Speaker
Description of Work
The ARCTURUS platform is designed to deliver next generation cluster services for increased speed of deployment for Grid Clusters.
Utilising, a wide variety of protocols and proven methods as well as newer data management and configuration techniques, the purpose of ARCTURUS is to give a base line for WLCG Cluster deployments and to further efforts in automation beyond those of merely deploying software or Virtual machines.
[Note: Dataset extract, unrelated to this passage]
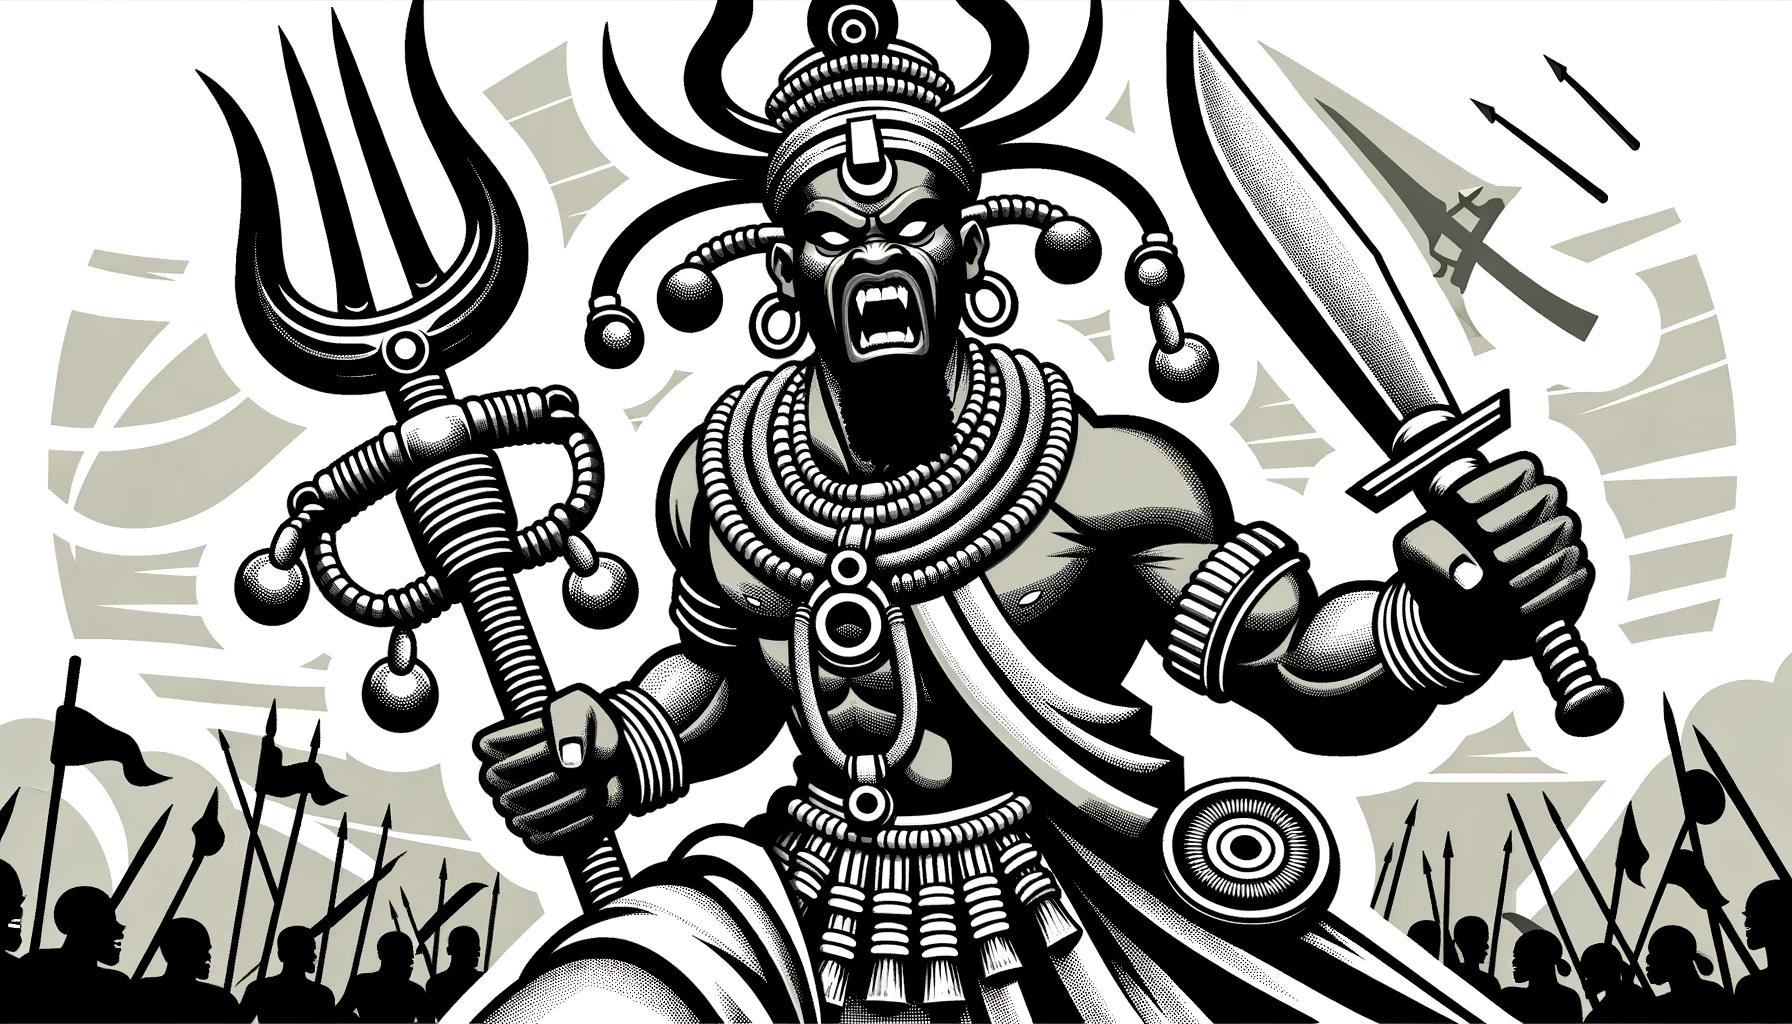 Ogun: The Powerful Deity of War and Iron in African Religions
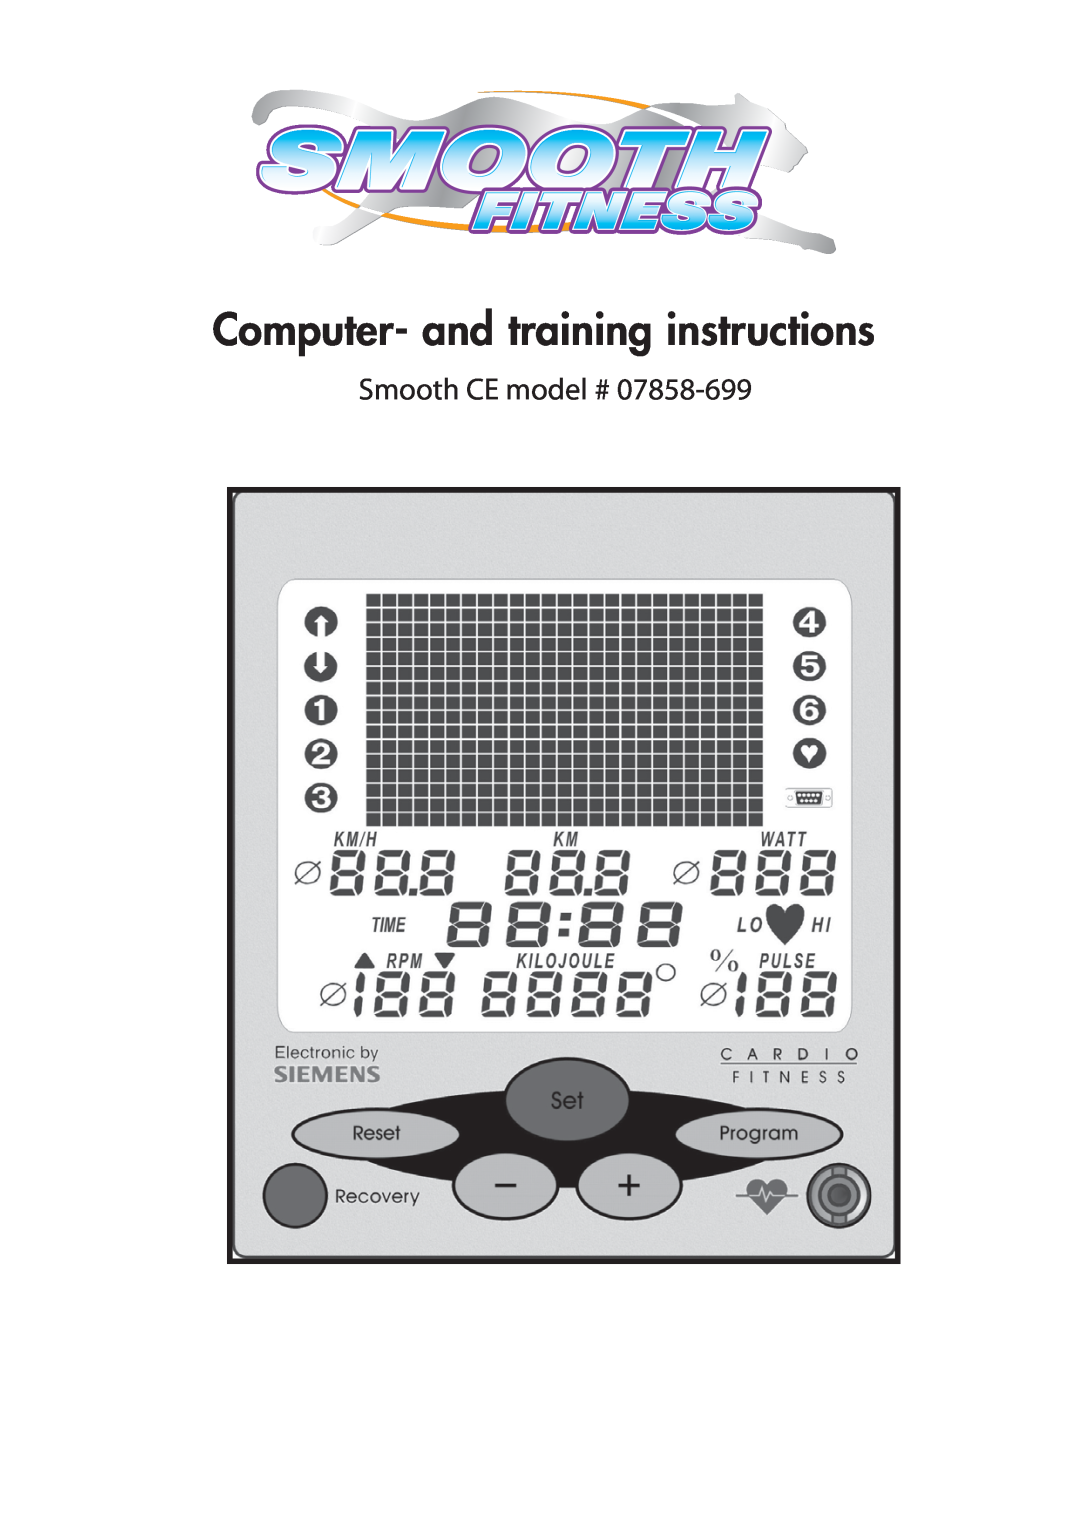 Smooth Fitness 07858-699 manual Computer- and training instructions, Smooth CE model #

The end goal of this research programme is to build a fully automated expert system which, through multiple open source projects, can build, configure and deployed as well as diagnose potential issues within a cluster with minimal technical operator involvement.
Printable Summary
With the current trend towards "On Demand Computing" in big data environments it becomes crucial that the deployment of services and resources becomes increasingly automated. With opensource projects such as Canonicals MaaS and Redhats Spacewalk; automated deployment is available for large scale data centre environments but these solutions can be too complex and heavyweight for smaller, resource constrained WLCG Tier-2 sites. Along with a greater desire for bespoke monitoring and the collection of more Grid related metrics, a more lightweight and modular approach is desired. In this paper work carried out on the test cluster environment at the Scotgrid site of the University of Glasgow is presented.
Progress towards a lightweight automated framework for building WLCG grid sites is presented, based on "off the shelf" software components such as Cobbler and Puppet, the building blocks of the larger open source projects mentioned before. Additionally the test cluster is used to investigate these components in a mixed IPv4/IPv6 environment, as well as using emerging OpenFlow technologies for software service provisioning.
As part of the research into an automation framework the use of IPMI and SNMPv2 for physical device management will be included, as well as the possibility of SNMPv2 as a monitoring/data sampling layer such that more comprehensive decision making can take place and potentially be automated.
Additionally, the development of Virtualised Networking and its role in service delivery within a Grid Cluster will be investigated,
This could lead to reduced down times and better performance as services are recognised to be in a non-functional state by autonomous systems. Finally, through the use of automated service provisioning and automated device management the building blocks of a fully automated expert system will be touched upon.